JF has now returned to employment, although her evidence is that she finds it difficult to work with male colleagues. She prefers working in a female-dominated workplace.
JF also gave evidence that she has recently started back at the gym and now walks her dog by herself.
As noted above, since the incident JF has re-partnered. Her evidence is that the effects of the incident continue to impact on her intimate relationship with her partner.
Section 79 of the Evidence Act – Convictions as Evidence in Civil Proceedings
It is submitted on JF's behalf that the evidence of the Respondent's conviction for sexual assault[36] is to be taken as proof that the Respondent committed the acts and possessed the state of mind which at law constitutes that offence, unless the Respondent proves to the contrary.
[36] Exhibit 2 (n 4).
Section 79(2) of the Evidence Act provides that in any civil proceeding the fact that a person has been convicted by a court of an offence is admissible in evidence for the purpose of proving, where to do so is relevant to any issue in the proceeding, that the person committed that offence.
Section 79(3) of the Evidence Act further provides that in any civil proceeding in which by virtue of this section a person is proved to have been convicted by a court of an offence, that person shall, unless the contrary is proved, be taken to have committed the acts and to have possessed the state of mind (if any) which at law constitutes the offence.
As previously noted, the Respondent was convicted of sexual assault in contravention of s 352 of the Criminal Code in relation to a complaint made by JF. Accordingly, it has been established[37] that the Respondent committed that offence and is taken to have committed the acts which constituted the offence.
[37] By the tendering of the Verdict and Judgment Record; Exhibit 2 (n 4).
Those matters are a relevant consideration in this proceeding, particularly in the absence of the Respondent.
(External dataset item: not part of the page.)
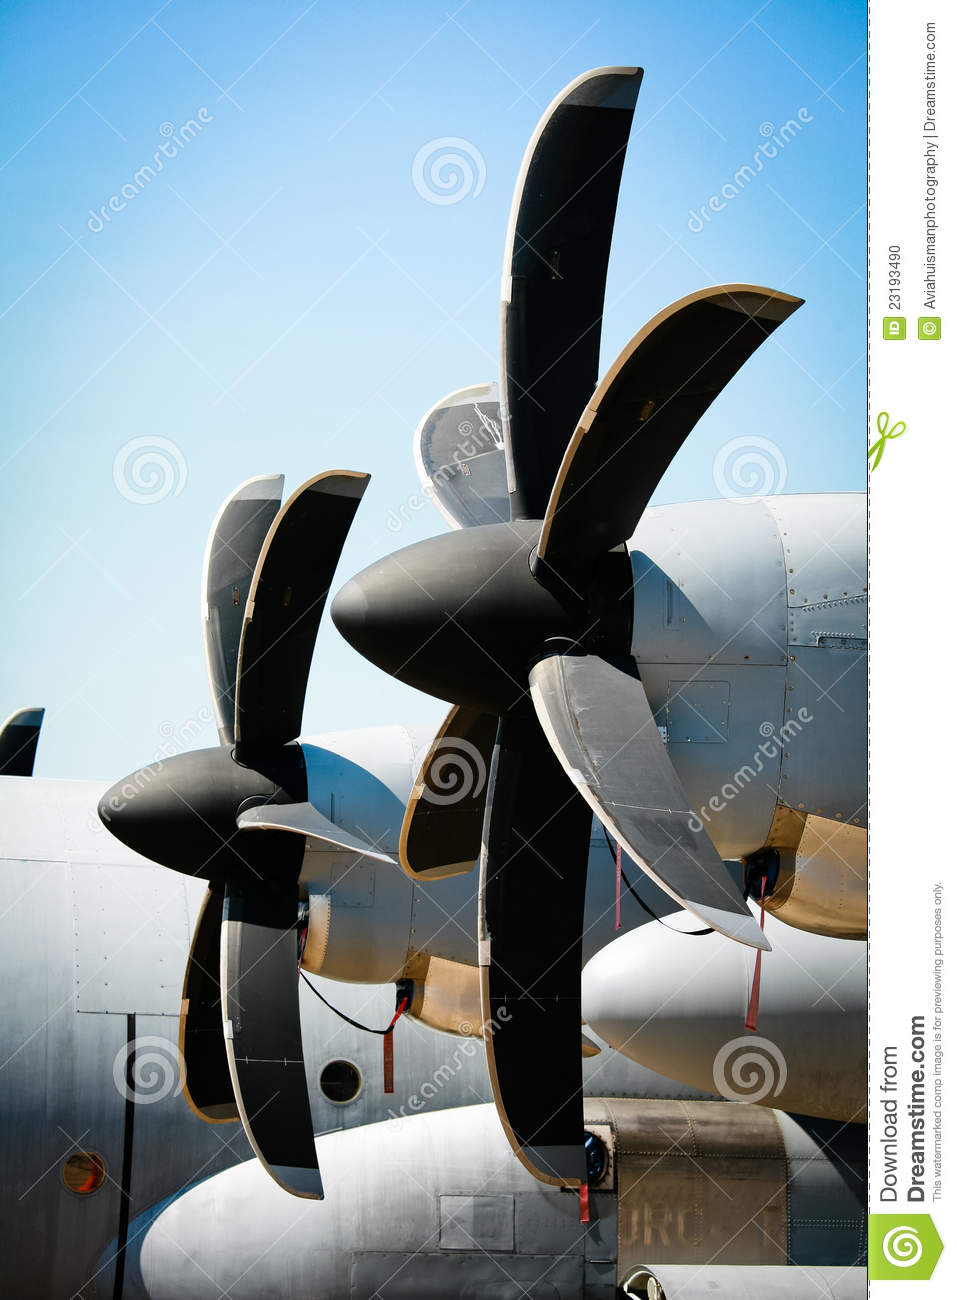 More Similar Stock Images Of   Vintage Propeller Airplane

The fact of JF making a complaint and the circumstances of the Respondent being convicted of the offence of sexual assault is consistent with JF's evidence before the Commission.
The Medical Evidence
Dr Karin Fuls – consultant psychiatrist
Dr Fuls prepared three reports for JF's WorkCover claim and also gave evidence before the Commission.
Dr Fuls' reports were tendered into evidence[38] and, relevantly, her report dated
18 February 2020 included the following passages:[38] JF, 'Medical Reports – Dr K. Fuls', Exhibit 5 in JF v Oishi Teppanyaki & Café Pty Ltd & Anor, AD/2021/2,On mental status examination, [JF] is a neatly presented young lady who has an anxious and at times tearful affect. She describes an anxious mood which at times is low. She has an organised and goal-directed thought form. In her thought content there is significant evidence of trauma-related intrusive memories. She denies the presence of any hallucinations or delusions. [JF] has good insight and has the capacity to consent to treatment.
…
In my opinion, [JF] presents with a severe post-traumatic stress disorder which meets the DSM-5 criteria for post-traumatic stress disorder.
…
The work-related condition is not an aggravation of any pre-existing condition.[39]
[39] Exhibit 5 (n 38) Report dated 18 February 2020.
Dr Fuls also gave evidence before the Commission. Dr Fuls confirmed that, as a consequence of what was described as the "assault" by the Respondent, JF was diagnosed with post-traumatic stress disorder ('PTSD').
Dr Ghazala Watt – consultant psychiatrist
Dr Watt prepared a report and also gave evidence before the Commission.
Dr Watt's report was tendered into evidence.[40] Dr Watt took a detailed history from JF which largely accords with the evidence JF gave to the Commission.
[40] JF, 'Independent Medico-Legal Report of Dr G. Watt dated 11 May 2021', Exhibit 6 in JF v Oishi Teppanyaki & Café Pty Ltd & Anor, AD/2021/2, 6 June 2025 ('Exhibit 6').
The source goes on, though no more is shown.